NASA made a tough call on August 24, 2024: it was too risky to bring two astronauts, Butch Wilmore and Suni Williams, back from the International Space Station (ISS) in Boeing’s troubled new capsule. Instead, the astronauts will have to wait until February 2025 to return with SpaceX. What was supposed to be an eight-day test flight has now stretched into eight months.
Boeing’s Starliner capsule, which transported astronauts Suni Williams and Butch Wilmore to the ISS in June, has faced significant issues. Boeing claims to bring the astronauts home, but NASA doesn't trust them. Helium leaks and failed thrusters marred its first crewed test flight, revealing deeper problems within the company’s operations.
Despite years of development and a $4.2 billion contract from NASA's Commercial Crew Program, Boeing still hasn’t completed a successful crewed mission. In contrast, SpaceX, with a $2.6 billion contract, achieved this milestone faster, more cost-effectively and with greater success.
As we see, Boeing, a long-standing leader in aerospace, finds itself increasingly outpaced by SpaceX, a newer, more agile competitor. Despite its deep expertise, Boeing is hindered by legacy systems and bureaucratic processes that slow down innovation. SpaceX, starting from scratch, embraced a culture of innovation and risk-taking, allowing it to achieve significant milestones, such as the development of reusable rockets, more quickly than Boeing.
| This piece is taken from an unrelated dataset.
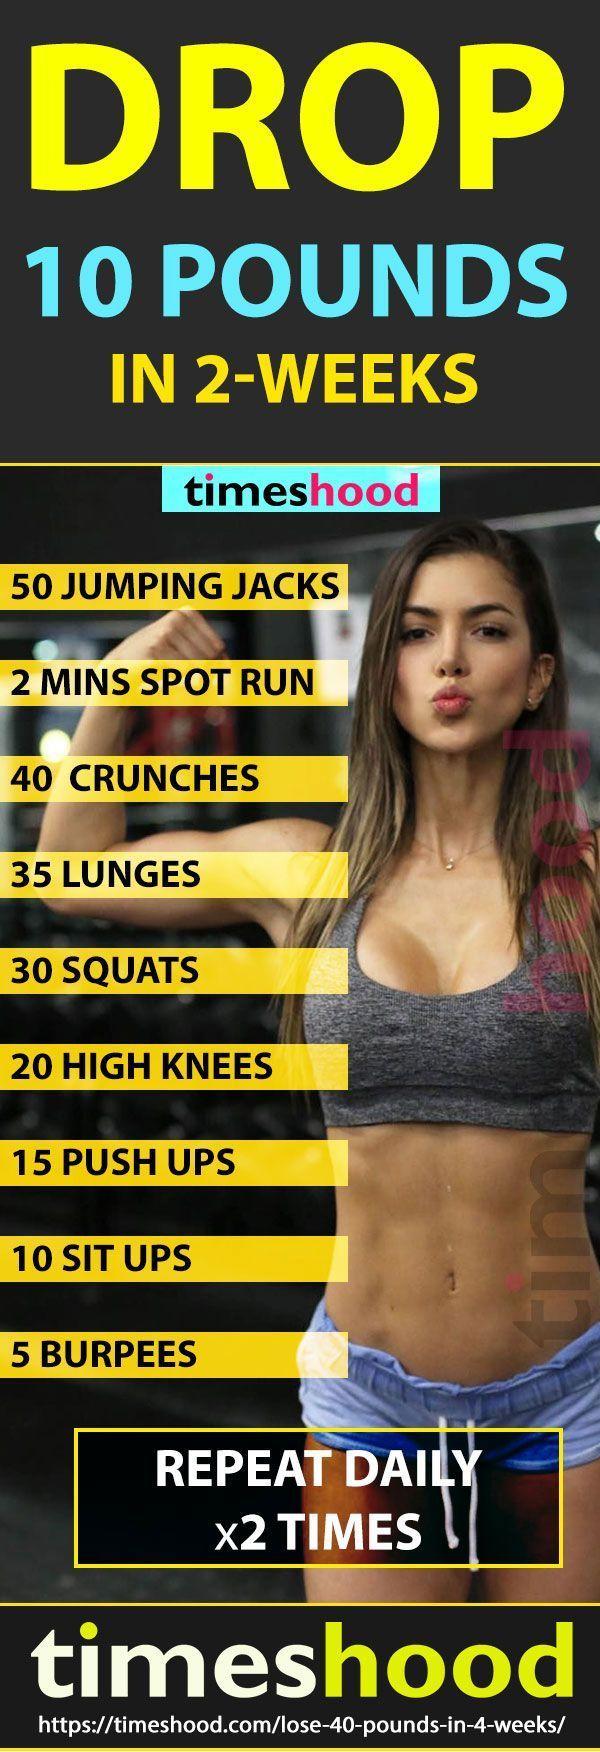 24-Stunden-Plan, um bis zu 40 Pfund in 4 Wochen zu verlieren #weighttraining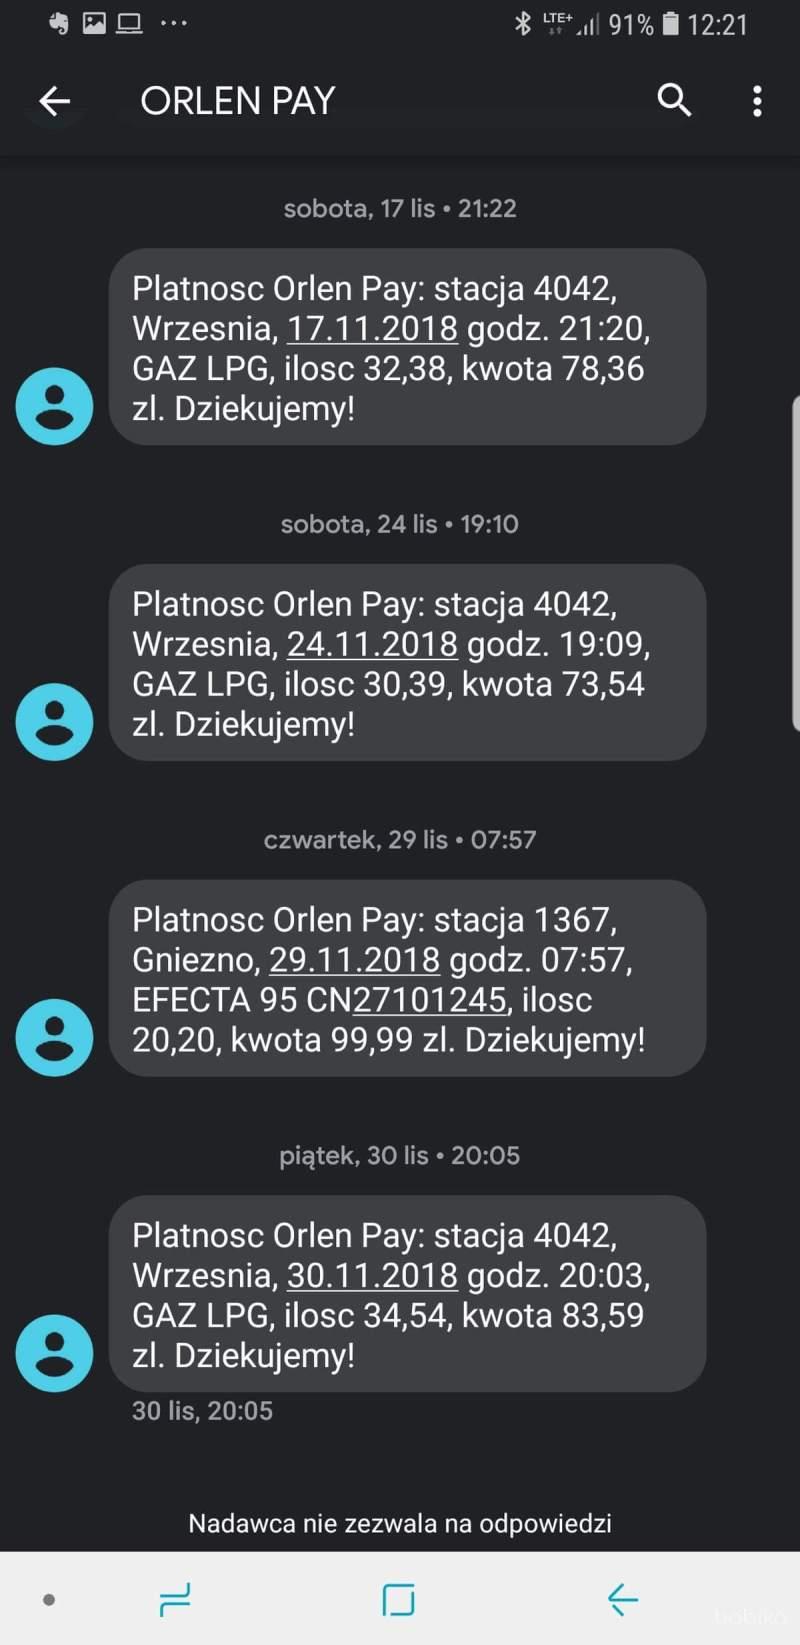 Orlen Pay

This struggle between Boeing and SpaceX serves as a powerful analogy for what’s happening in the banking sector today. Traditional banks—like Boeing in space—could face challenges in the new, digital environment that is rapidly redefining the financial industry.
Traditional banks, with their deep-rooted brand histories, cultures and legacy systems, have long dominated the financial landscape. But these very advantages have become their Achilles' heel. Laden with bureaucracy and the weight of outdated operating models, these banks are often slow to innovate and adapt. They are like Boeing, which, despite its expertise and decades of leadership in aerospace, finds itself burdened by older, rigid systems and approaches that stifle agility.
On the other hand, digital-first neobanks, like SpaceX, have a distinct advantage—they started with a clean slate. Unlike traditional banks, which are burdened by legacy systems, neobanks were built from the ground up with a modern core, focusing on customer experience, agility and rapid adaptation to market needs. These Fintechs, unburdened by legacy systems, have been able to quickly iterate on their offerings, providing seamless, tech-driven solutions.
Nubank, Revolut and Cash App, for example, have quickly gained popularity by offering a user-friendly experience that resonates with today’s digital-native consumers. They have capitalized on the growing demand for mobile banking, low fees and innovative financial products. Their platforms are designed to be intuitive, fast and accessible—qualities that are increasingly important to consumers who expect the same level of service from their banks as they do from tech giants like Apple, Amazon, Facebook or Google.
The numbers tell a compelling story. In just ten years, these neobanks have onboarded 220 millions of clients, as many as the top three U.S. banks in a century: Bank of America, Chase and Wells Fargo. This rapid growth underscores the shift in consumer preferences and highlights the effectiveness of the neobank model in meeting those needs. Emphasis on user-friendly digital platforms, lower fees and innovative services rewrites the rules of the industry, just as reusable rockets from Space X are revolutionizing space travel.
Traditional banks are not blind to these shifts. Some, like ING, have aggressively pursued digital transformation. In Ralph Hammer's legendary interview with The Banker in 2017, he stated: “The way we want to portray ourselves is as a tech company with a banking license. We built a bank around the internet rather than the internet around our bank.” This strategy of creating a global digital platform and developing a financial ecosystem reminiscent of Amazon or Facebook demonstrates the understanding that the future of banking is undoubtedly digital.
Another example, Mashreq Bank, has adopted a “cloud-native” strategy and has partnered with Fintechs to enhance agility and customer experience. The Mashreq Bank share price increased by 300% in 3 years.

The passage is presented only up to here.